The name of Anthony Mascarenhas does remain alien to the Indian press till date even though this journalist, a Goan Catholic and also hailing from Karachi, had performed an astounding job that may turn to anyone’s nightmare if his works are read carefully. Being a Pakistani journalist and known for hobnobbing with the highest echelon of highest Pakistani political stratum in the tumultuous 1971, Anthony Mascarenhas reached East Pakistan (now, Bangladesh) as part of a guided tour but what he perceived there throttled his senses almost but true to his ethics, he decided to publish his own experiences. As Pakistan was no safe haven for this adventurist mode, Anthony fled to London with his family and being indorsed by the British Press, Mr. Harold Evans, Editor at Sunday Times in particular. On June 13, 1971 the harrowing article got published with the headline ‘GENOCIDE’, along with divulging Pakistani brutality, portrayed the entire theater was nothing but a gruesome slaughter of Hindus en masse or a racial extermination of Hindus. 

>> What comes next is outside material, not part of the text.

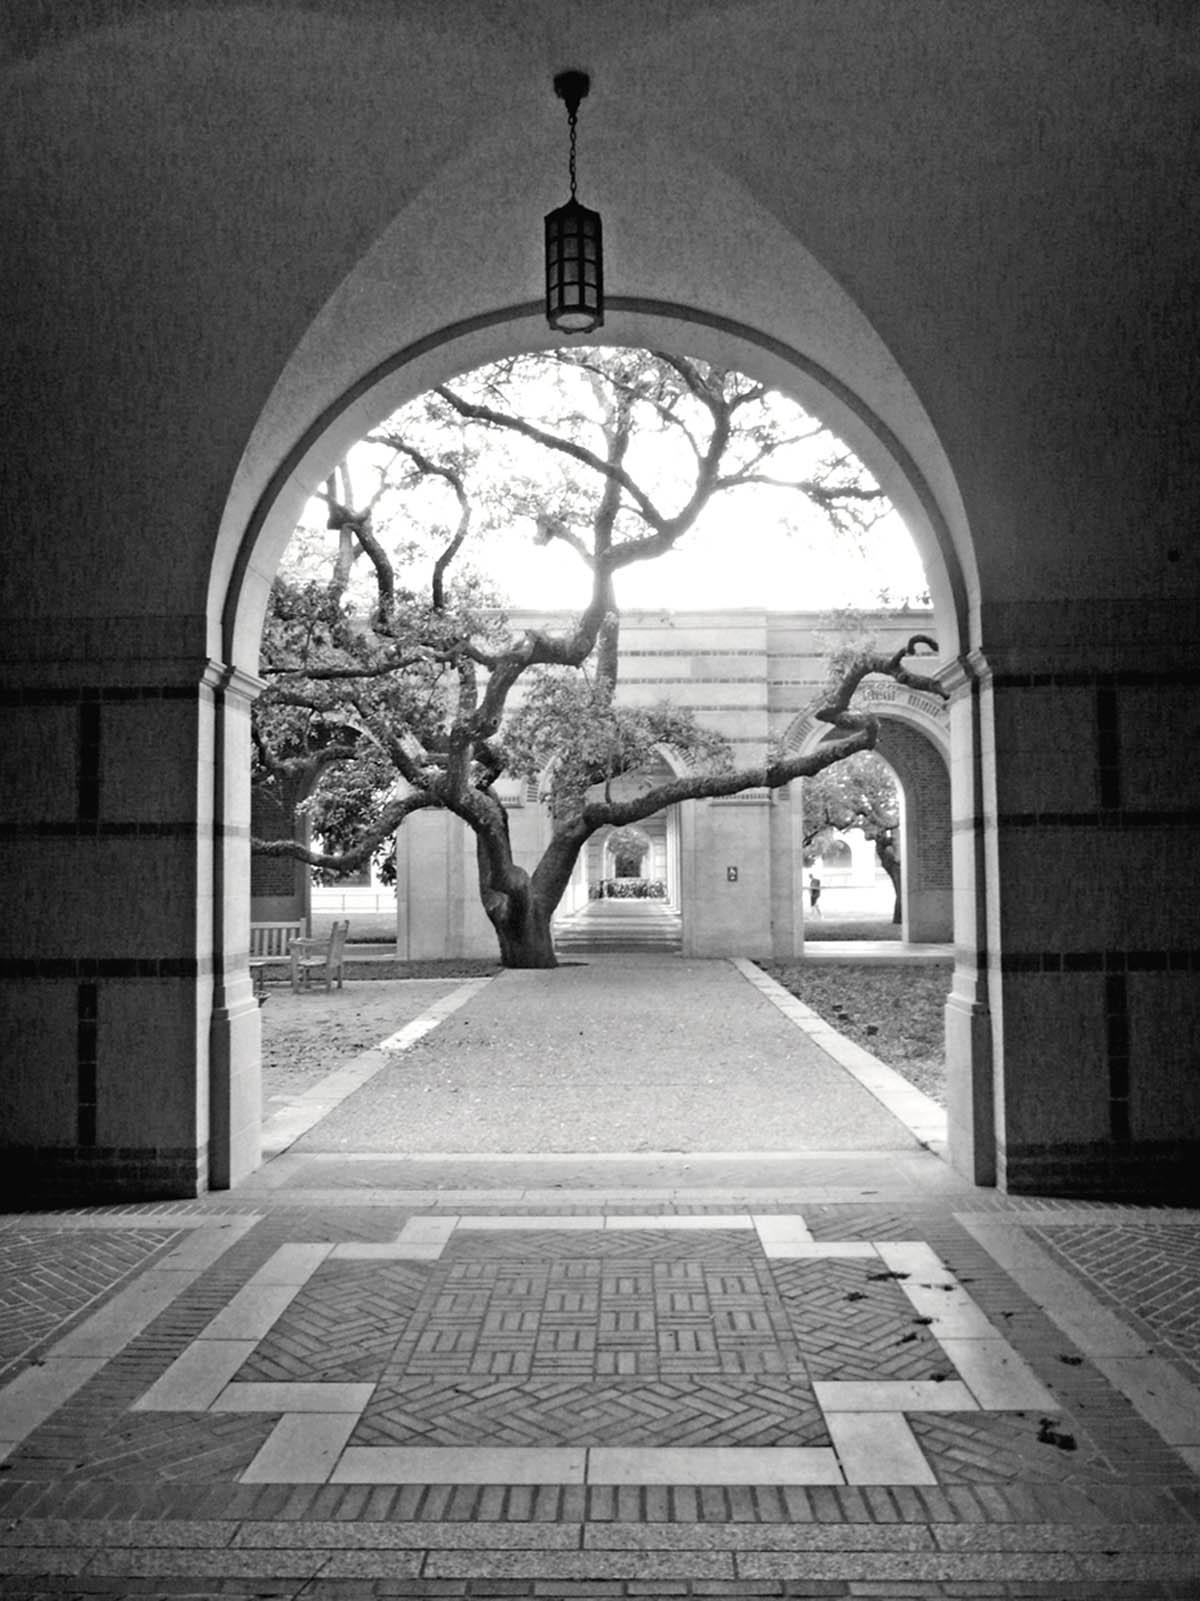 Rice University photo by Carol Ciarniello
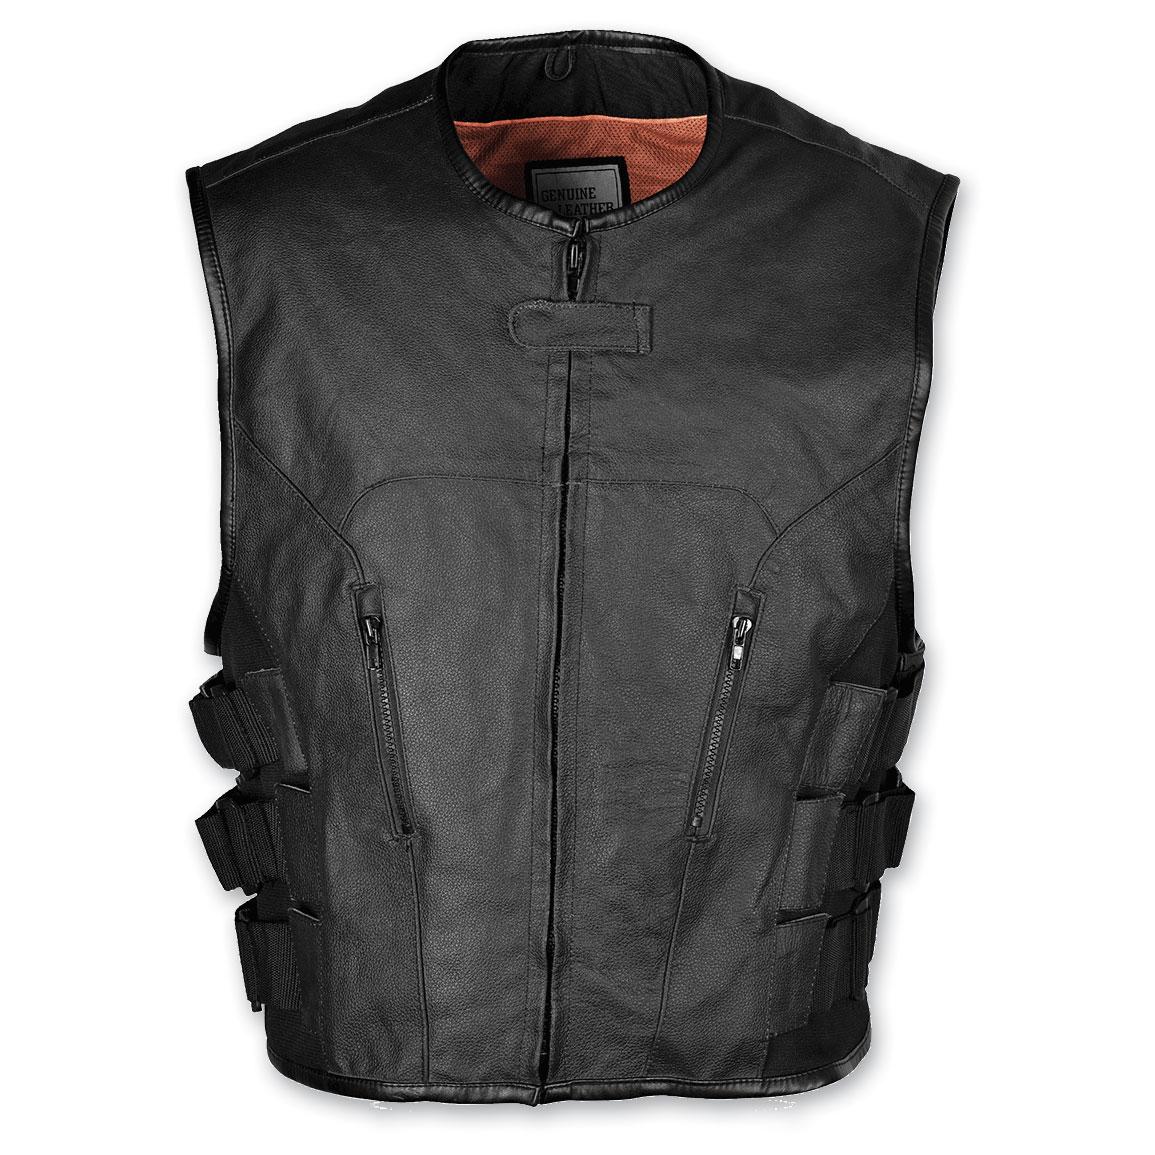 Vance Leathers Men's Tactical Style Black Leather Vest

To quote Anthony, as published, “I saw Hindus, hunted from village to village and door to door, shot off-hand after a cursory ‘short-arm inspection’ showed they were uncircumcised. I have heard the screams of men bludgeoned to death in the compound of the Circuit House (civil administrative headquarters) in Comilla. I have seen truckloads of other human targets and those who had the humanity to try to help them hauled off ‘for disposal’ under the cover of darkness and curfew.” And this would have been the fate of entire Hindu Bengali Nation had there been no formation of the Indian state of West Bengal. Another serious fact must also be discerned – relevant documents do portray a spine-chilling gospel, at least 110 genocides of Hindu Bengalis have taken place in the last 8 decades almost making it the most endangered community in the post-World War II scenario. What has happened to the rest? The majority of those hapless Hindus, if not more, have got refuge in West Bengal on June 20, 1947 or almost two months before to the national independence. A few cluster of researchers do also depict, counting on contemporary records, the national independence would have remained the furthest dream had not the crucial bone of contention of partition of Bengal been solved earlier.

It can, therefore, be deduced without a shred of doubt, formation of West Bengal was a visionary endeavor under the aegis of a smattering of proponents. But this was no simple war of words; an extremely arduous struggle from the very beginning since Kolkata (then Calcutta) was both the financial capital of India and also the second city in British Empire after London and Muslim League was prepared enough to pay the heaviest price for it or to include the finest British Indian metropolis to Pakistan. Calcutta was no mere target alone; the entire Bengal province would be wrapped under the green banner, such was the aim. And the contrivance was forged by the early 30s – the decade that witnessed the most execrable communal conflagration across Bengal.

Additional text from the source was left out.